Protecting important habitat (aka, summer camp as a place for teens).

Heading into the summer, I’ve been thinking (and talking) a lot about how summer camp fits into the wider culture in 2024.


Camps have always been a place apart, a bubble, an eddy current aside from the mainstream. Places where the “real world” gives way to a more authentic experience, one more intense and relaxed at the same time.


But I’ve been thinking about it a little differently this summer, so I’ve added a new analogy to my lexicon. I doubt it’s “new” new, but it’s new to me.


I’ve started thinking about camp as something akin to a wildlife reserve, or a national park, set up to preserve a unique and valuable ecosystem that is facing significant habitat destruction.


The ecosystem, or habitat, in this case being childhood and adolescence.  

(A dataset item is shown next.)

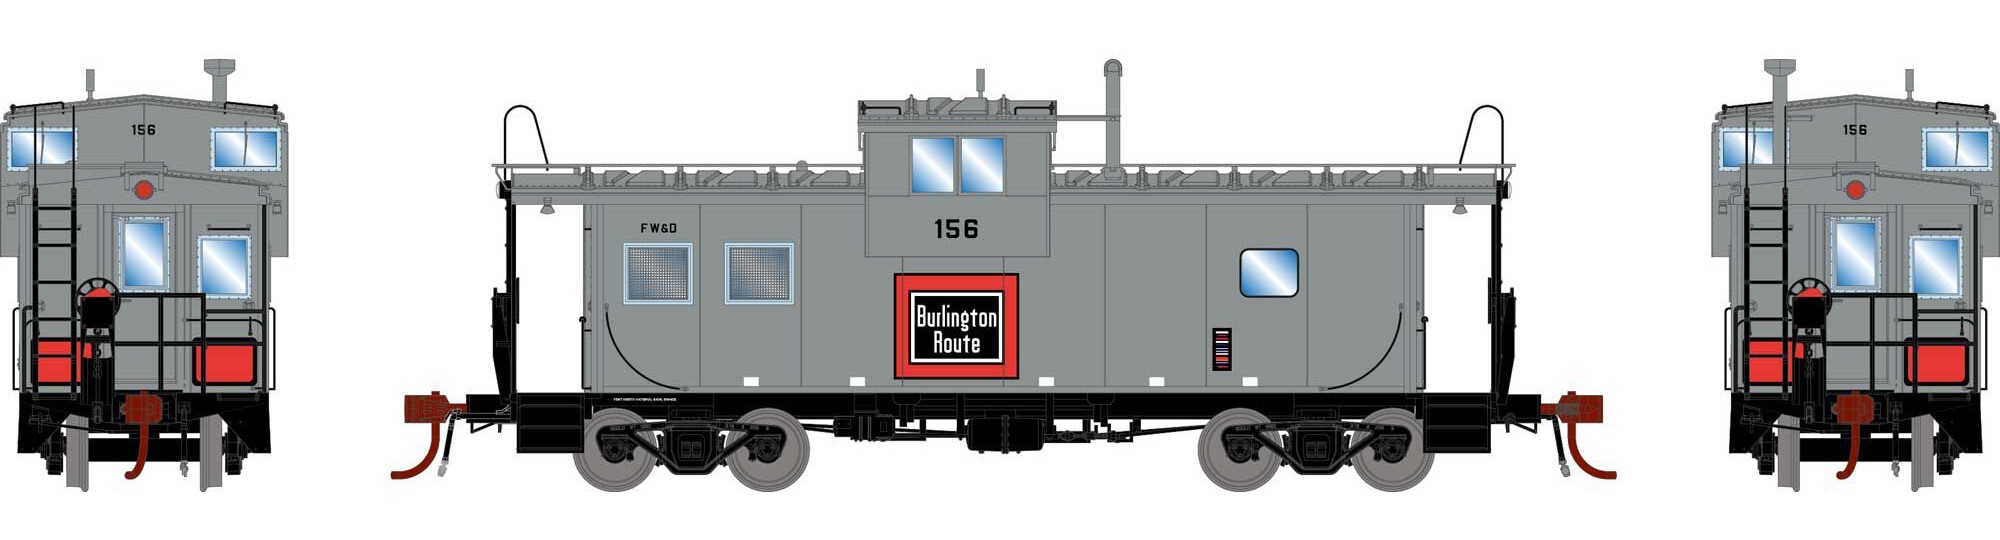 Athearn Genesis HO ATHG78571 DCC/NCE Equipped ICC Caboose With Lights Fort Worth & Dodge 'Burlington Route' FW&D #156

It is no secret that childhood and adolescence have been under intense pressure for quite a while now, but those pressures are accumulating at an accelerating pace, thanks in large part to the switch from a play-based childhood to a phone-based childhood. (Apple recently took pride in their  part in this destructive switch, releasing an ad showing a giant hydraulic press destroying guitars, paintbrushes, and toys, only to replace them with a iPad). We’ve also lost outdoor, play based time to development, insurance requirements, and media fearmongering.


Previous generations of kids and teens had much more freedom of access to spaces that respected and encouraged play, challenge, peer-to-peer interaction, community mindedness, and more. Today, few places for kids like this still exist, with the exception of camp.


So this summer, we'll keep pushing back the real world. Collectively, camp professionals in Maine have been doing so since the early 20th century. It’s always been important but preserving time and space for childhood and adolescence is more important now than ever. Because outside the camp gates, so much habitat has been lost. Teens need a place to be teens. Even if they can't find a place to be happy, authentic, playful, curious, sociable and challenging elsewhere, they can still find it by the shore of Stanley Pond.